Data

Data preprocessing is the most time-consuming part of our project. Because of the license issue, it is quite hard to get a large amount of full lyrics data with genre as label. We utilized several sources to complete this task.

We first use Million Song Dataset(MSD) website to get the track information and the corresponding genre label. MSD is a freely available collections of data for a million popular music tracks. We obtained table “Genre” containing 133283 trackID and corresponding genre label from the website.

MSD also partners with Musixmatch website and provides song lyrics in bag-of-words format. However, since we use TF-IDF method in sklearn package to get lyrics features, the bag-of-words format data is not suitable for being as our input data. The input data should either be full lyrics text or text that contains every word in the lyrics, which means, if a certain word w appear n times in the lyrics, the text should contain n numbers of word w. If we use the bag-of-words format data, we need to expand and transform the data of each song into text data that contains words with exact count. This could be pretty time-consuming considering our training dataset is large.

Therefore, we decided to find an API that could allow us to obtain the song lyrics directly. MSD website provides a table called MXM that contains trackID, artist, title and corresponding MusixmatchID that allow us to get the lyrics and other information of the track via Musixmatch API. Through Musixmatch API, we could get track information such as language with MusixmatchID. Since we only want to consider English song, we filter out non-English song through Musixmatch API. As for the lyrics part, due to the license issue, the lyrics of each song it provides only contains 30% of the full lyrics. Therefore we turned to another API called “Lyricwikia” API to get song lyrics. Lyricwikia provides an API that allows us to obtain the full lyrics of the song by entering its artist and title.
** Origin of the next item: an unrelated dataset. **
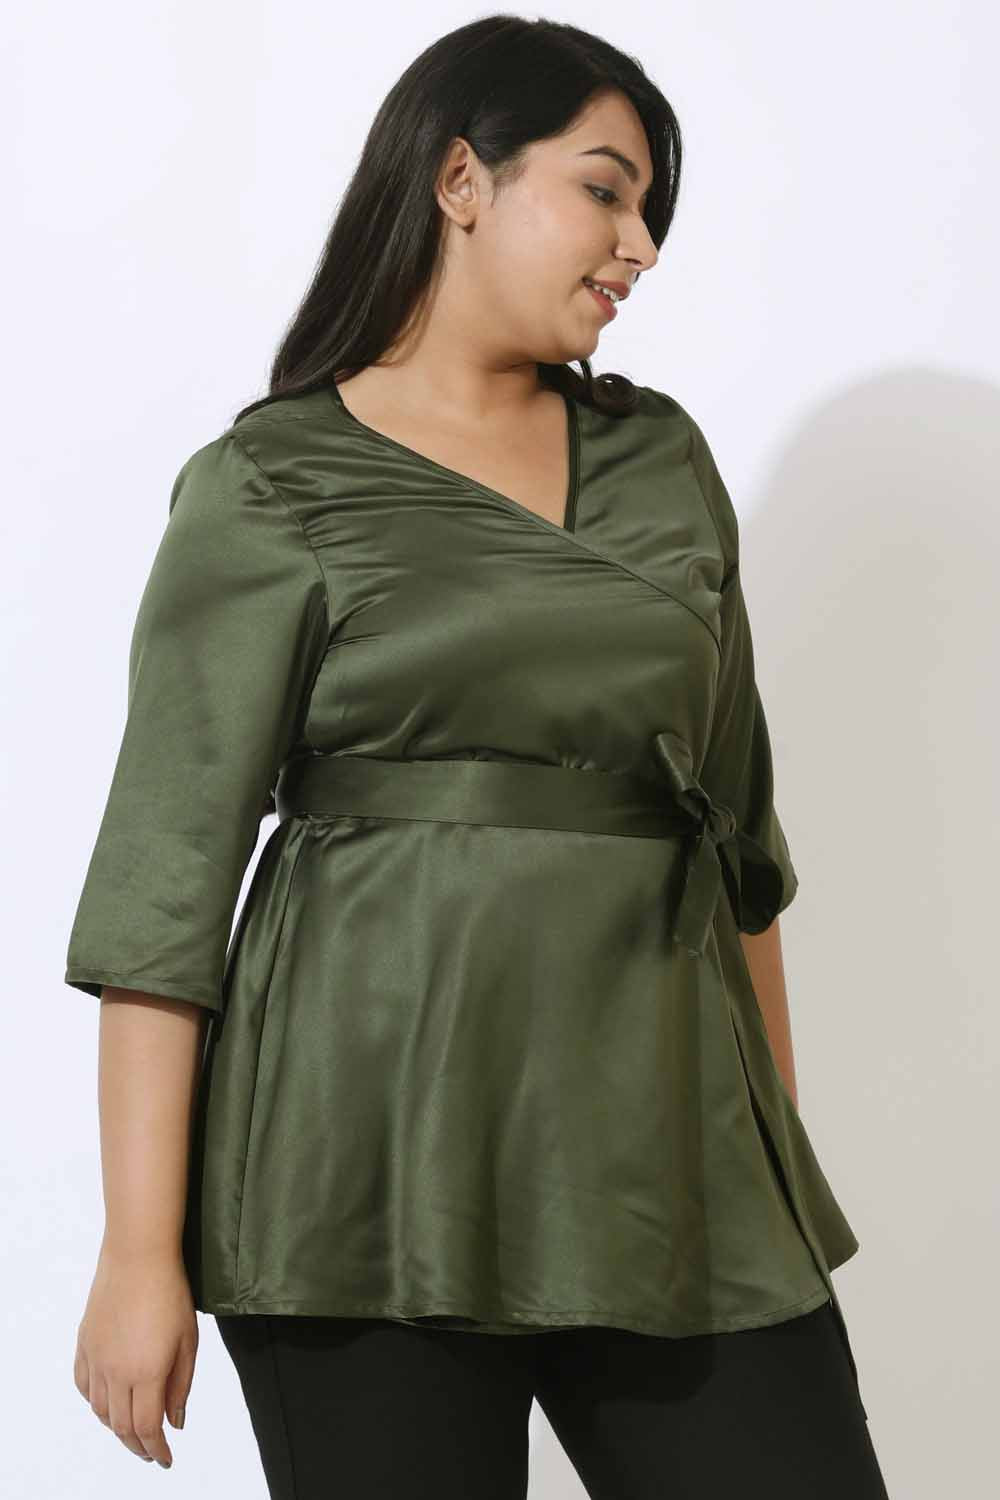 Plus Size Olive Satin Wrap Top for Women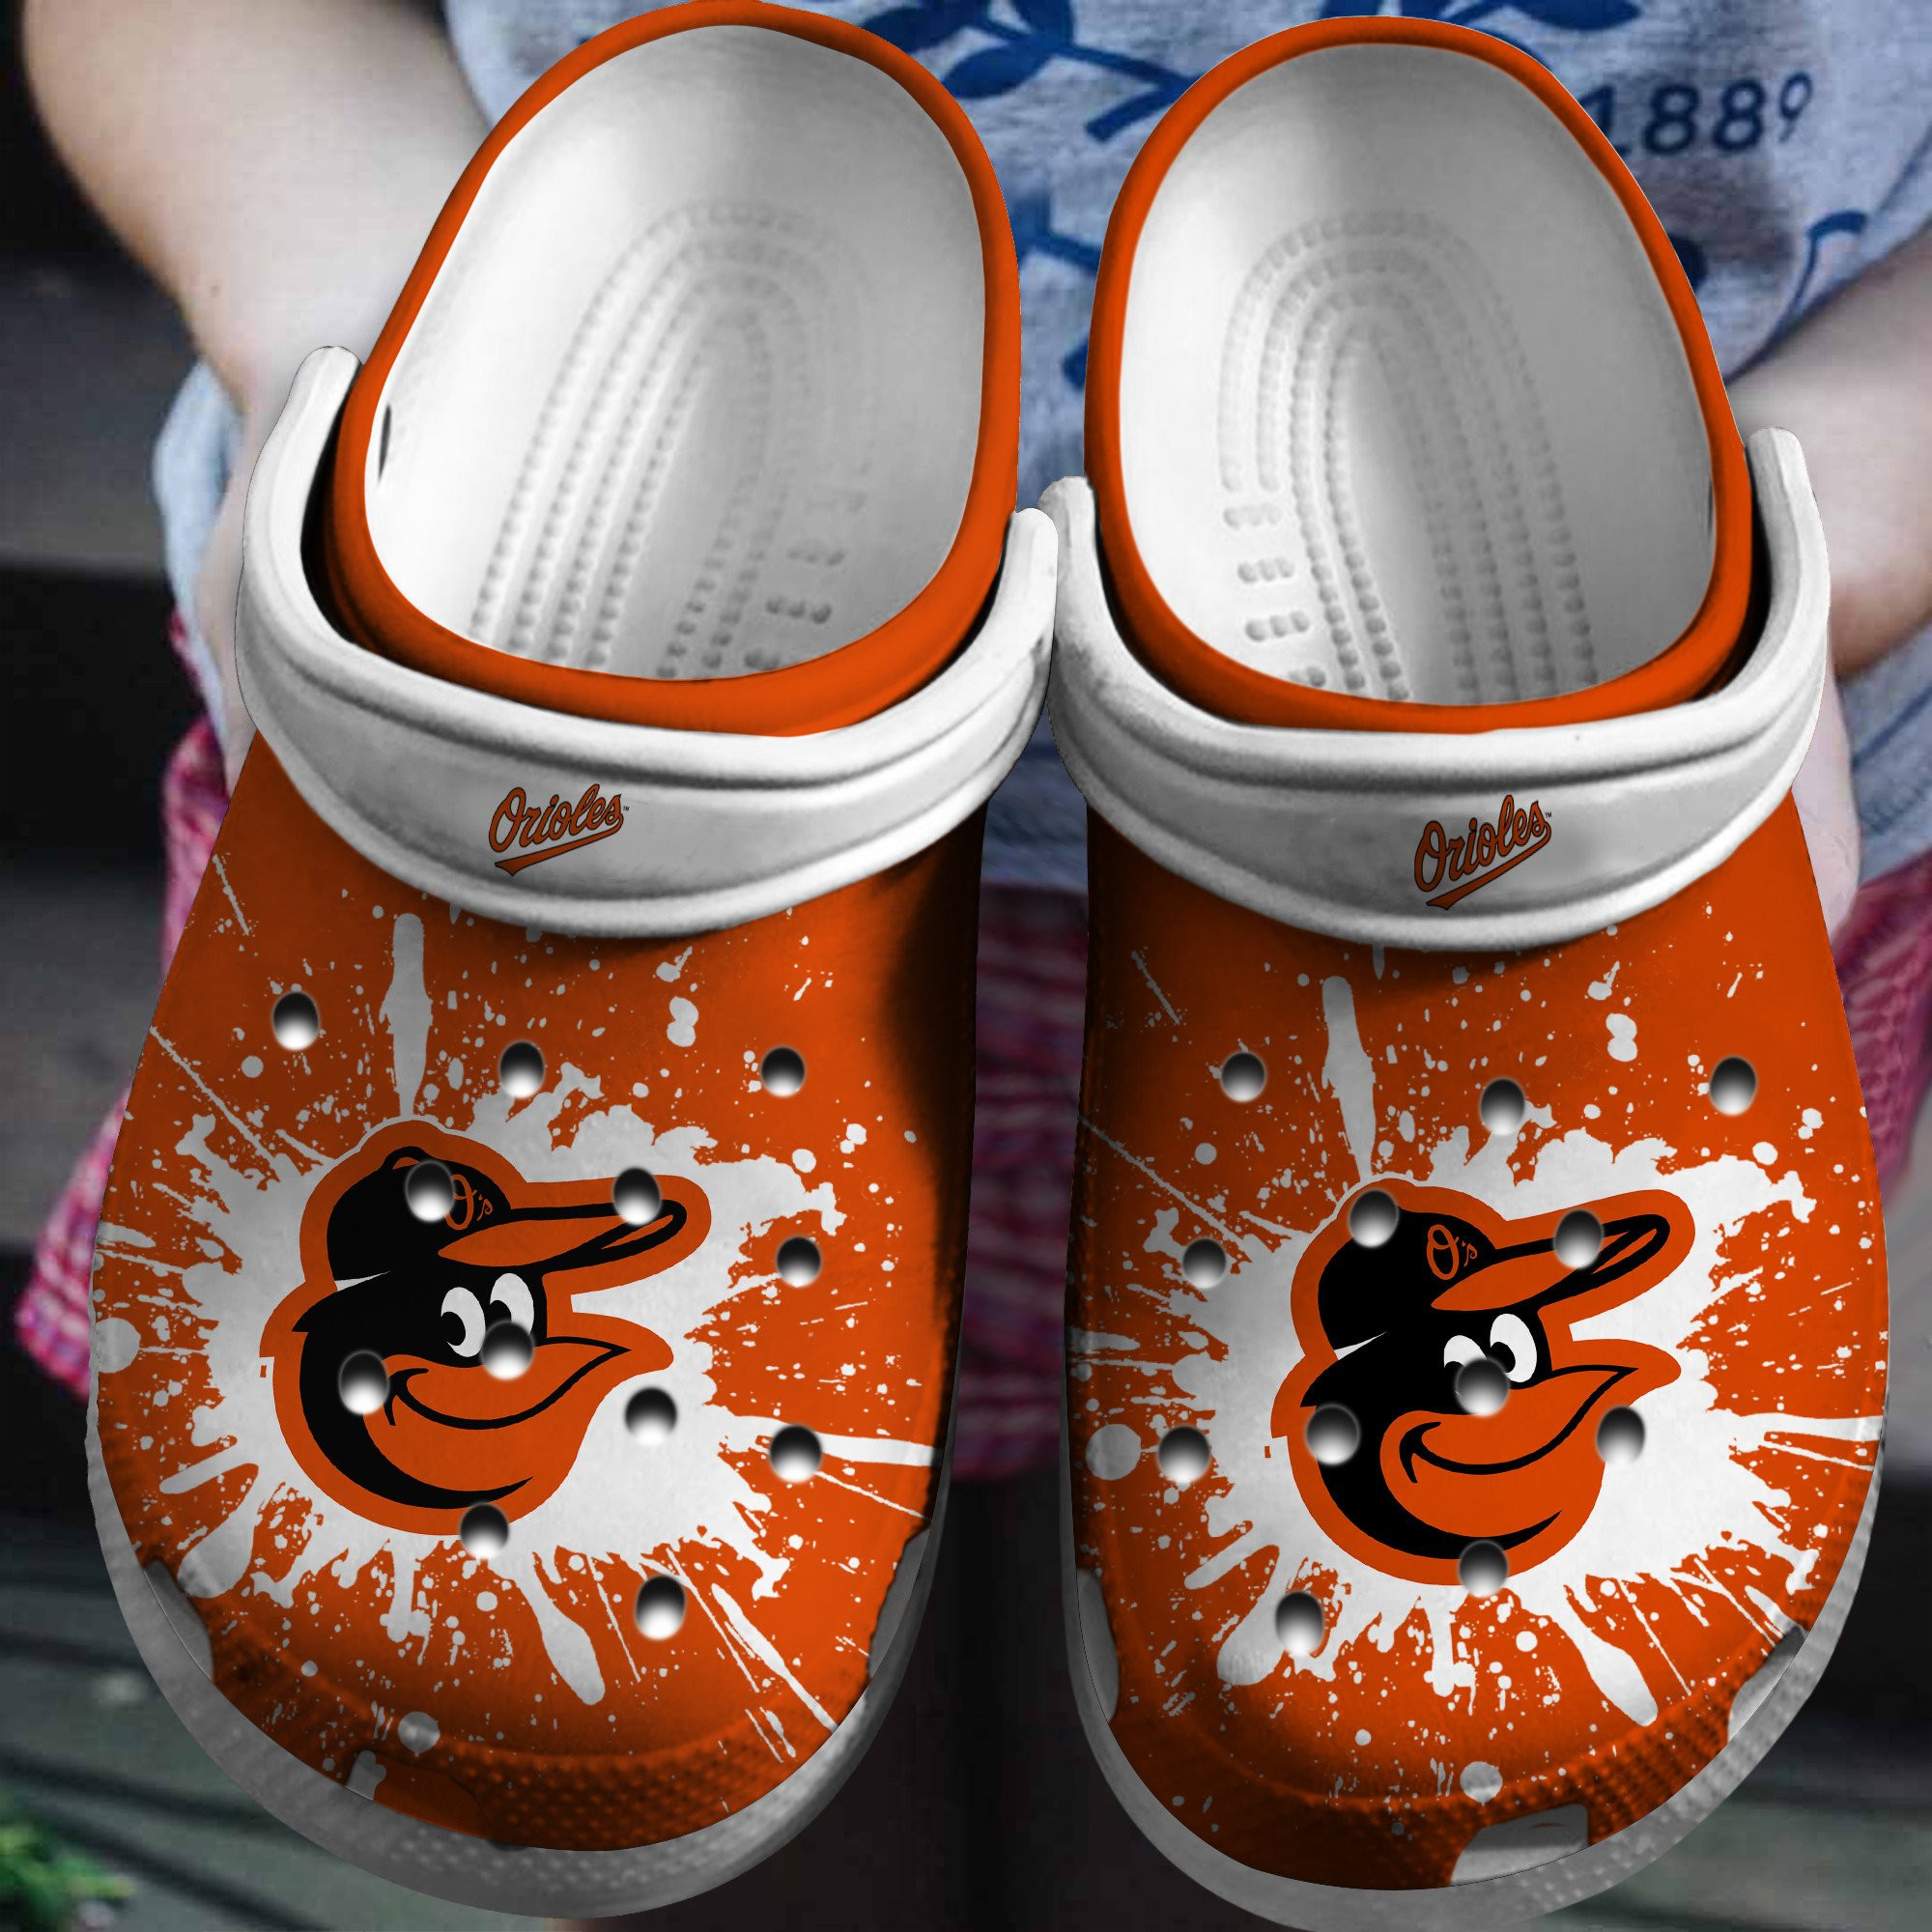 Hot Mlb Team Baltimore Orioles Orange-White Crocs Clog Shoesshoes Trusted Shopping Online In The World

In the end, we utilize two tables- Genre, MXM from MSD website, in combination with Musixmatch API and Lyricswikia API to get the data we want. Suppose we want to

develop a classifier that can classify the song into three genre: Country, Rap and Jazz. The detailed process is as follows (all the table operation was done by SQLite):

We finally got the table “Lyrics” that contain title, artist, genre and lyrics, and this is our desired dataset. Since there are lots of songs in the original dataset that are not English songs or have no Lyrics in Lyricwikia, the final song data of each genre is far less than the original dataset (<10%). We run 6000 dataset for each genre and got 400 songs in “Lyrics” table for each genre.